You can use the cloud to:
Run analyses on data stored under /g/data1
Create web services to visualise data stored at NCI
Run programs not suited for the HPC, e.g. cron jobs, long-running processes, GUIs
The CMS team maintains the following VMs on the NCI cloud:
climate-cms.nci.org.au: Web services maintained by the CMS team, including Ramadda and Jenkins
downloader.climate-cms.nci.org.au: Server for downloading external data sets to the /g/data1 area
Getting Access
To get access to the openstack cloud email the CMS helpdesk climate_help@nf.nci.org.au. The cloud credentials are provided as a shell file containing a number of environment variables, in order to use them it must be sourced into your environment.
Creating a new VM instance
There are a couple tools you can use to start up a virtual machine on the cloud. To use them you will need your openstack credentials loaded in your environment:
Vagrant
Vagrant is a high level tool - it can be used both for booting VM instances on the cloud as well as your local machine, as well as automatically configuring the instance for you using Puppet or similar tools.
To use Vagrant you create a configuration file, then run '`vagrant up`' to boot it. The configuration files are written in Ruby, and look like:
require 'vagrant-openstack-plugin'
Vagrant.configure("2") do | config |
config.vm.box = "openstack-dummy"
config.ssh.username = "ec2-user"
config.ssh.private_key_path = "~/.ssh/id_rsa"
config.vm.provision :puppet do |puppet|
puppet.module_path = "modules"
end
config.vm.provider :openstack do |os|
os.endpoint = "#{ENV['OS_AUTH_URL']}/tokens"

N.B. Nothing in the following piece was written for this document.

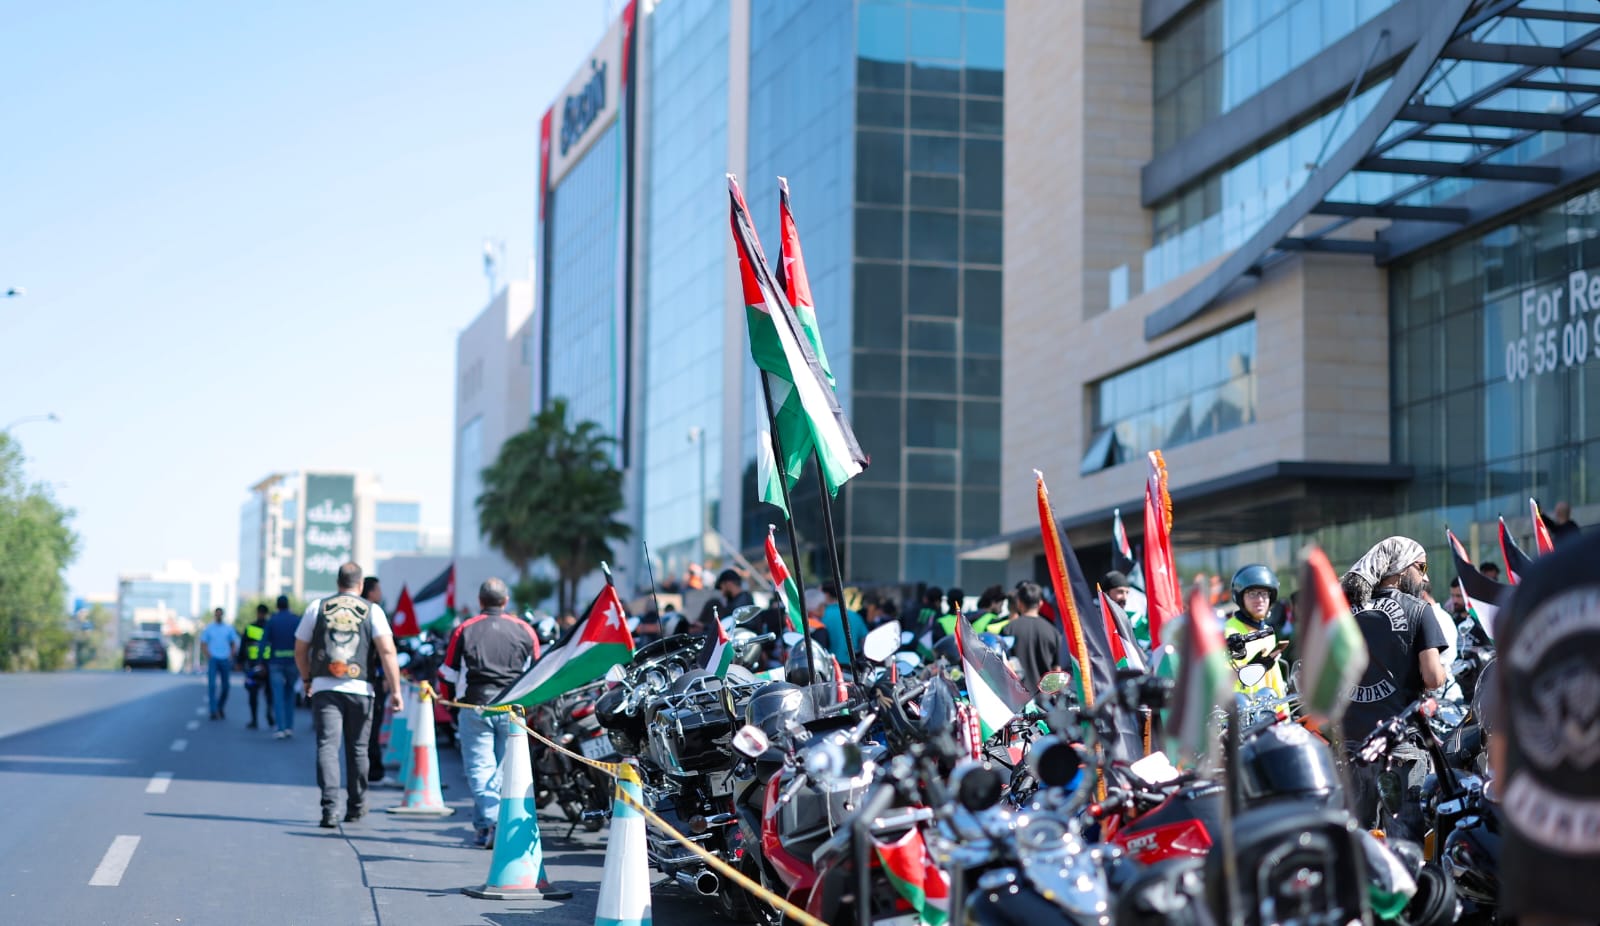 انطلاق مسيرة دراجات مزينة بالأعلام الأردنية من مبنى شركة زين بمناسبة عيد الاستقلال

os.username = "#{ENV['OS_USERNAME']}"
os.api_key = "#{ENV['OS_PASSWORD']}"
os.tenant = "#{ENV['OS_TENANT_NAME']}"
os.region = "#{ENV['OS_REGION_NAME']}"
os.flavor = /m1.small/
os.image = /centos/
os.keypair_name = "walesnix"
os.floating_ip = "130.56.244.115"
os.security_groups = ["ssh","http"]
end
end
Nova
Nova is a low-level tool for booting VMs. It is configured entirely using the command line like so:
Both tools require the same information to boot an instance - Nova gives more control with its various other functions, while in Vagrant much of the complexity is taken care of for you.
Connecting to the VM
By default an instance only has a private IP address, so it's only visible to other cloud systems. To connect to it you have to first connect to the cloud login node 'cloudlogin.nci.org.au', then you can connect to the VM using the special 'ec2-user' user (using NCI accounts requires extra configuration). If you've forgotten your VM's IP address use 'nova list' to show it.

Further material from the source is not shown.